In cases where only part of the cube intersects the sphere, the method recursively subdivides the cube into smaller parts by calling SphereDivision, enabling a finer level of detail and ensuring accurate representation of the sphere's boundary.
Recursive Cube Subdivision
The recursion begins with a cube defined by a Vector3 position and a size (step). The method evaluates whether the cube lies entirely within, partially overlaps, or is outside the sphere. Based on this evaluation, it either generates a cube or subdivides further into smaller cubes.
The method first checks if the current division has reached the maximum number of subdivisions. At this point, if the union flag is enabled, it evaluates whether the cube overlaps other geometries to avoid duplicate renderings. For unions and intersections, specialized processing is delegated to UnionSpheres or IntersectSpheres. If neither is required, the method generates a cube centered at the current position, scaled appropriately, and colored based on the recursion level (currentDivision).
If further subdivision is required, the cube is divided into eight smaller cubes by halving the size (step / 2) and iterating through all combinations of offsets (0 or newStep) for the x, y, and z axes. For each smaller cube, the method performs sphere intersection tests on its corners and center. This ensures accurate representation of the sphere's boundaries, even at finer resolutions.
The method also handles multiple spheres by incrementing a counter whenever a cube's center intersects with a sphere. This allows it to account for overlapping regions in union or intersection operations. When all corners and the center of a cube are within the sphere, a cube is generated or further divided depending on the current mode (union, intersect, or default rendering).
By recursively subdividing cubes and evaluating sphere intersections at each level, this method achieves high precision while minimizing redundant calculations. It dynamically adjusts detail based on the sphere's geometry and the current recursion depth, ensuring efficient and accurate representation.
Challenges and Solutions
One of the main challenges encountered in this implementation was avoiding overlapping cube renderings, especially at the edges of spheres where rounding errors or small gaps could occur. To solve this, a Physics.OverlapSphere check was introduced at the final recursion level to detect and prevent redundant cube generation. Another challenge was ensuring smooth and visually consistent transitions between intersecting spheres. This was addressed by dynamically adjusting the recursion depth and ensuring that intersections involved more than one sphere before proceeding with further subdivision.

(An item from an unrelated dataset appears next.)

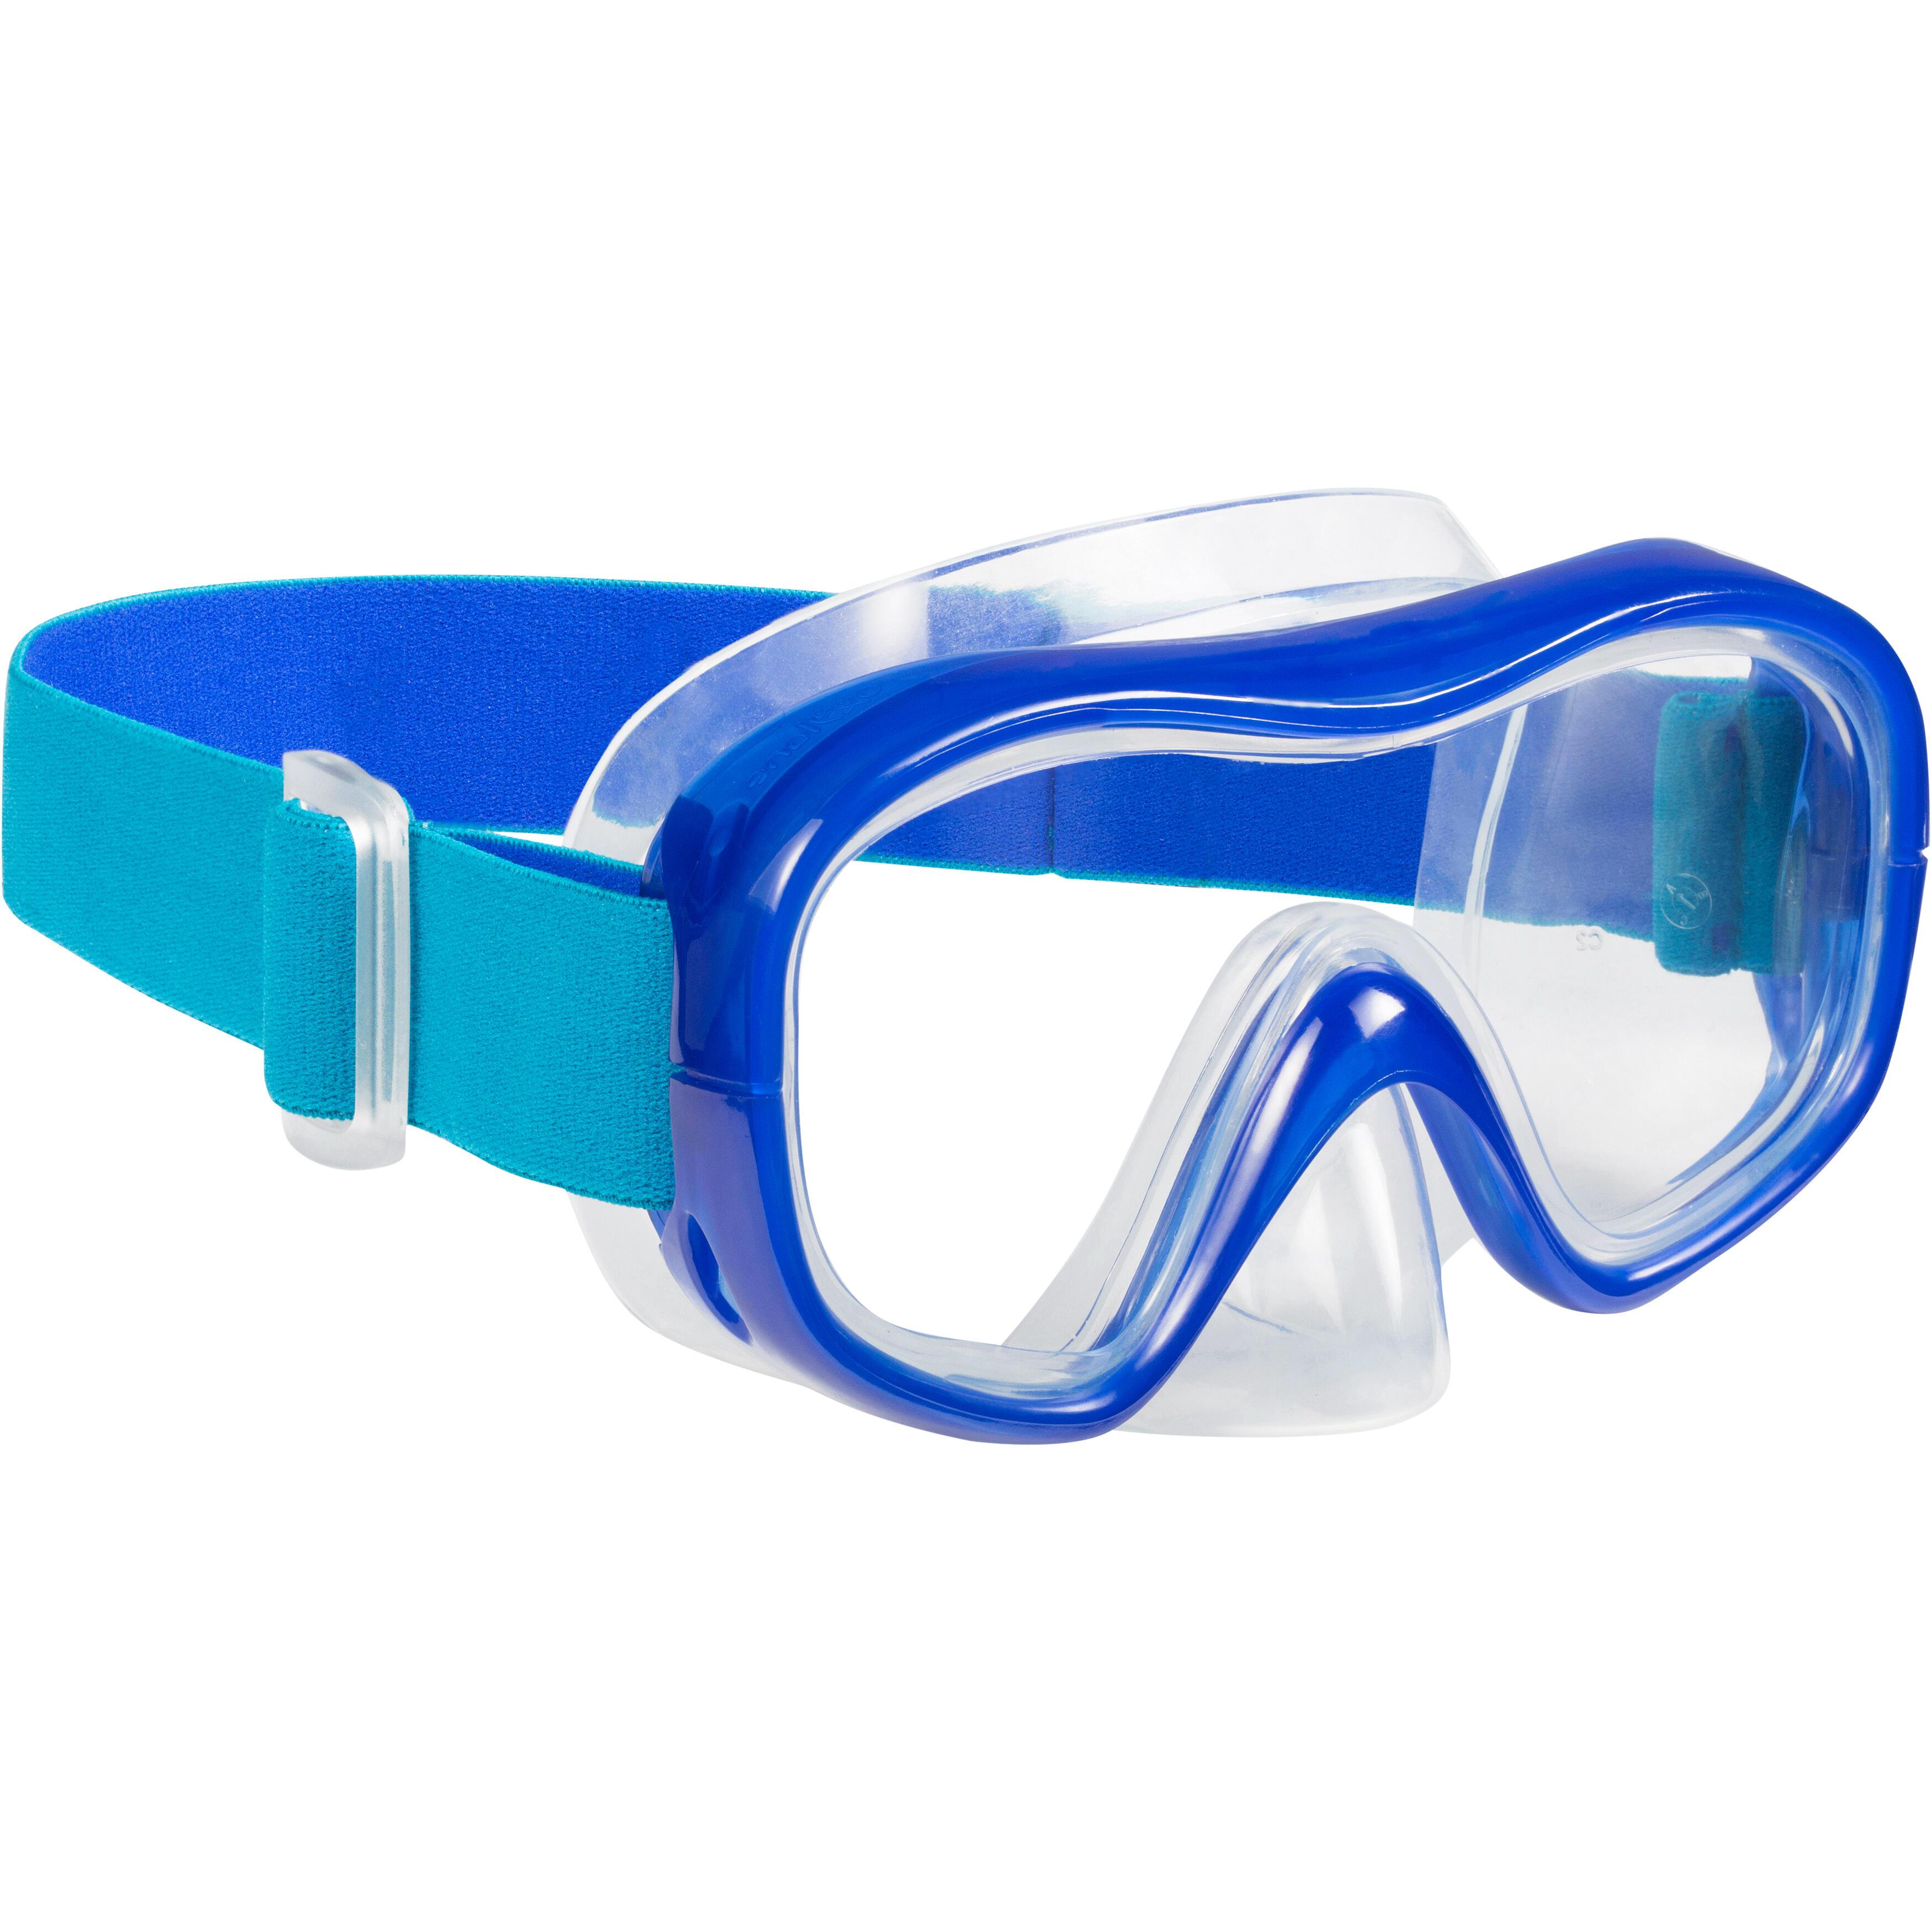 Masque de plongée libre SNK 520 bleu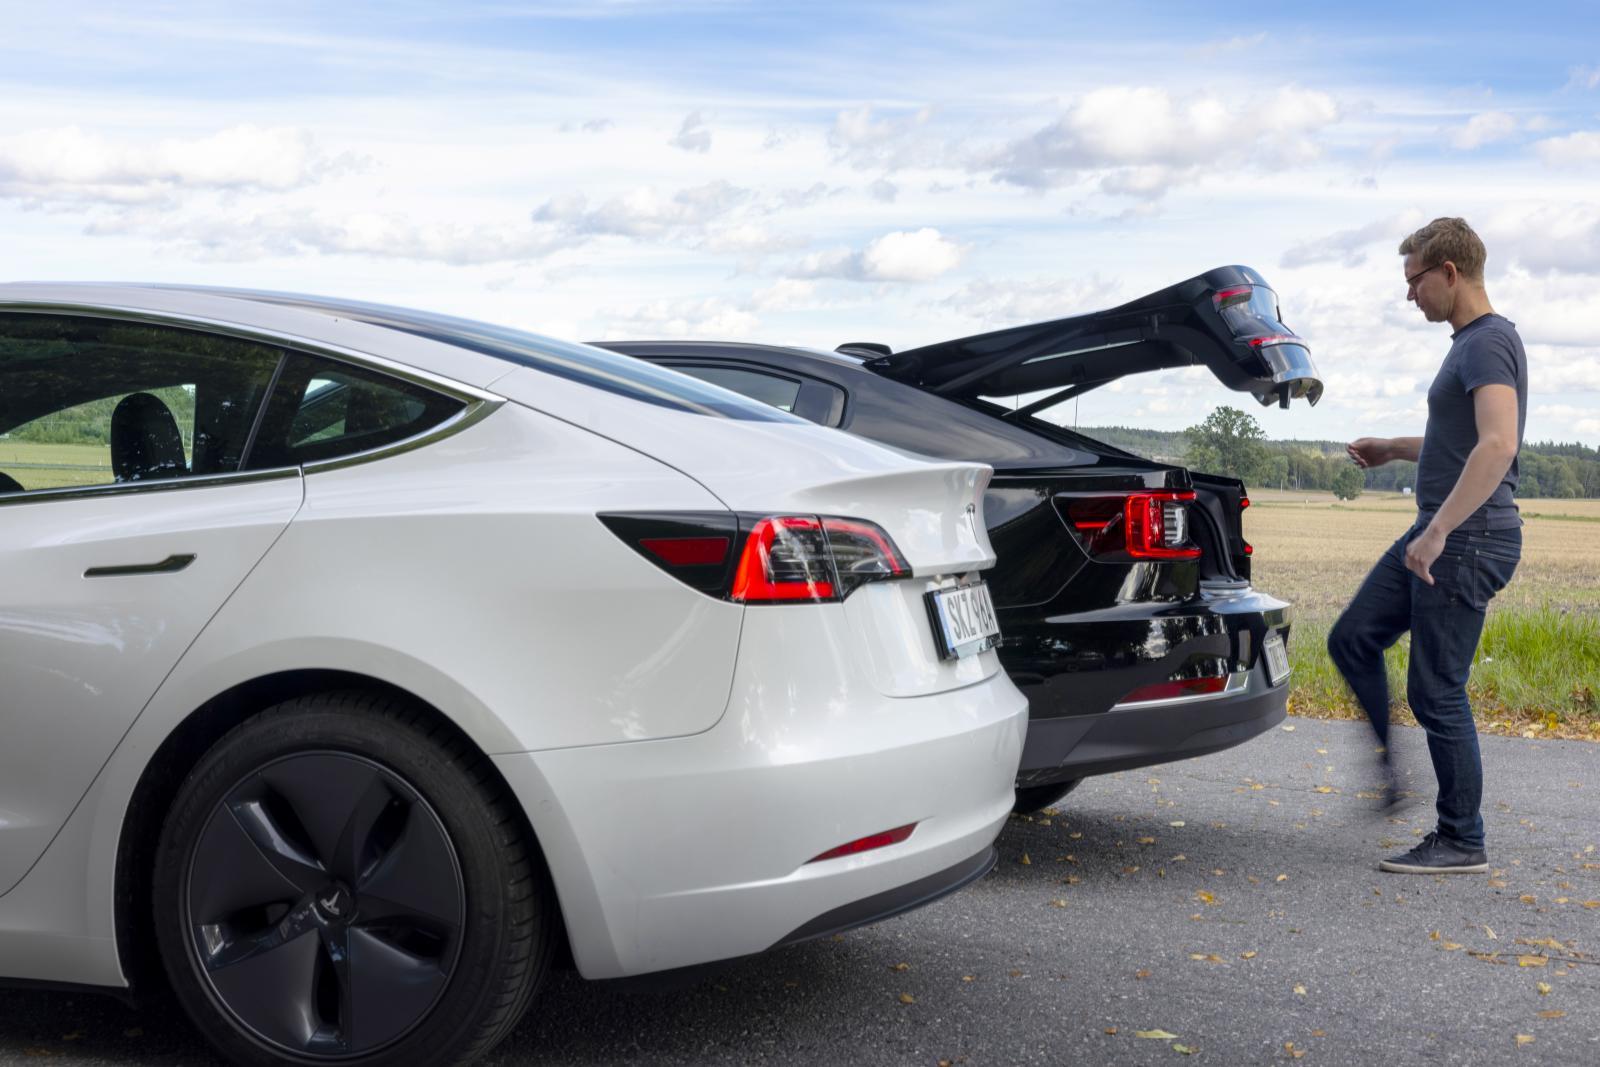 Elstyrd halvkombilucka med fotviftfunktion i Polestar. Manuell sedanöppning i Tesla.

Additionally, handling partial overlaps of cubes with spheres required precise testing of all cube corners and its center against the sphere. This was implemented by performing intersection tests at every recursive step, balancing performance with accuracy.
Skills Gained
This project provided valuable experience in designing and implementing recursive algorithms for spatial subdivision. It enhanced my understanding of 3D geometry and mathematical modeling, particularly in the context of sphere and cube interactions.
Through debugging and optimizing the subdivision logic, I developed strong skills in problem-solving and performance optimization. Moreover, the process of dynamically managing recursion depth and handling edge cases strengthened my proficiency in writing robust and scalable code for 3D environments. This experience also deepened my knowledge of graphics rendering pipelines and how spatial partitioning techniques can enhance real-time rendering and simulation efficiency.